Prometheus Alerting Rules

API Service Alerts

# prometheus/rules/api-alerts.yml
groups:
  - name: skillquest-api
    rules:
      - alert: HighAPILatency
        expr: histogram_quantile(0.99, rate(http_request_duration_seconds_bucket{service="api"}[5m])) > 2
        for: 5m
        labels:
          severity: warning
        annotations:
          summary: "API p99 latency exceeds 2s"
          description: "API p99 latency is s on "

      - alert: HighAPIErrorRate
        expr: rate(http_requests_total{service="api", status=~"5.."}[5m]) / rate(http_requests_total{service="api"}[5m]) > 0.01
        for: 5m
        labels:
          severity: critical
        annotations:
          summary: "API 5xx error rate exceeds 1%"
          description: "Error rate is  on "

      - alert: APIDown
        expr: up{job="skillquest-api"} == 0
        for: 1m
        labels:
          severity: critical
        annotations:
          summary: "API service is down"
          description: " has been down for more than 1 minute"

Database Alerts

# prometheus/rules/db-alerts.yml
groups:
  - name: skillquest-database
    rules:
      - alert: DatabaseConnectionPoolExhausted
        expr: pg_stat_activity_count / pg_settings_max_connections > 0.85
        for: 5m
        labels:
          severity: critical
        annotations:
          summary: "DB connection pool above 85%"
          description: "Active connections:  of max"

      - alert: SlowQueries
        expr: pg_stat_activity_max_tx_duration{state="active"} > 30
        for: 2m
        labels:
          severity: warning
        annotations:
          summary: "Long-running query detected (>30s)"

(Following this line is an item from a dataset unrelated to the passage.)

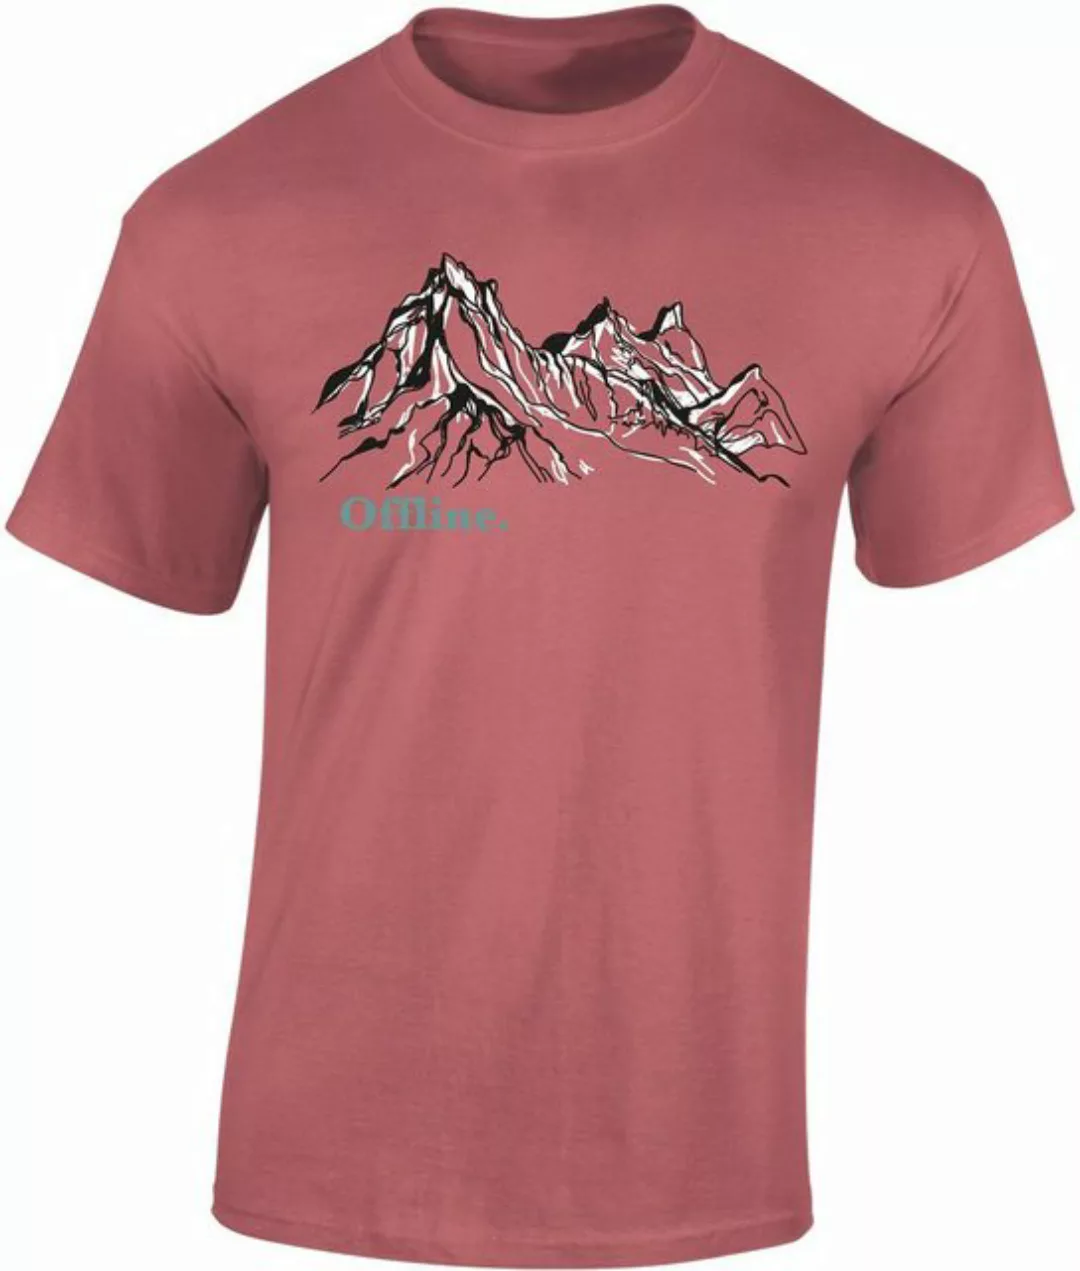 Baddery Print-Shirt Wander Tshirt : "Offline" - Kletter T-Shirt für Wanderf günstig online kaufen

      - alert: DatabaseDiskSpaceLow
        expr: pg_database_size_bytes / node_filesystem_size_bytes * 100 > 80
        for: 10m
        labels:
          severity: warning
        annotations:
          summary: "Database disk usage above 80%"

Redis Alerts

# prometheus/rules/redis-alerts.yml
groups:
  - name: skillquest-redis
    rules:
      - alert: RedisMemoryHigh
        expr: redis_memory_used_bytes / redis_memory_max_bytes > 0.85
        for: 5m
        labels:
          severity: warning
        annotations:
          summary: "Redis memory usage above 85%"

      - alert: RedisHitRateLow
        expr: redis_keyspace_hits_total / (redis_keyspace_hits_total + redis_keyspace_misses_total) < 0.80
        for: 10m
        labels:
          severity: warning
        annotations:
          summary: "Redis hit rate below 80%"

      - alert: RedisDown
        expr: redis_up == 0
        for: 1m
        labels:
          severity: critical
        annotations:
          summary: "Redis is unreachable"

AI Service Alerts

# prometheus/rules/ai-alerts.yml
groups:
  - name: skillquest-ai
    rules:
      - alert: AIHighLatency
        expr: histogram_quantile(0.95, rate(ai_request_duration_seconds_bucket[5m])) > 15
        for: 5m
        labels:
          severity: warning
        annotations:
          summary: "AI API p95 latency exceeds 15s"

      - alert: AIHighCost
        expr: sum(increase(ai_api_cost_usd_total[24h])) > 100
        for: 1h
        labels:
          severity: warning
        annotations:
          summary: "AI API daily cost exceeds $100"
          description: "24h rolling cost: $"

      - alert: AIRateLimited
        expr: rate(ai_api_rate_limited_total[5m]) > 0.1
        for: 5m
        labels:
          severity: warning
        annotations:
          summary: "AI API is being rate-limited"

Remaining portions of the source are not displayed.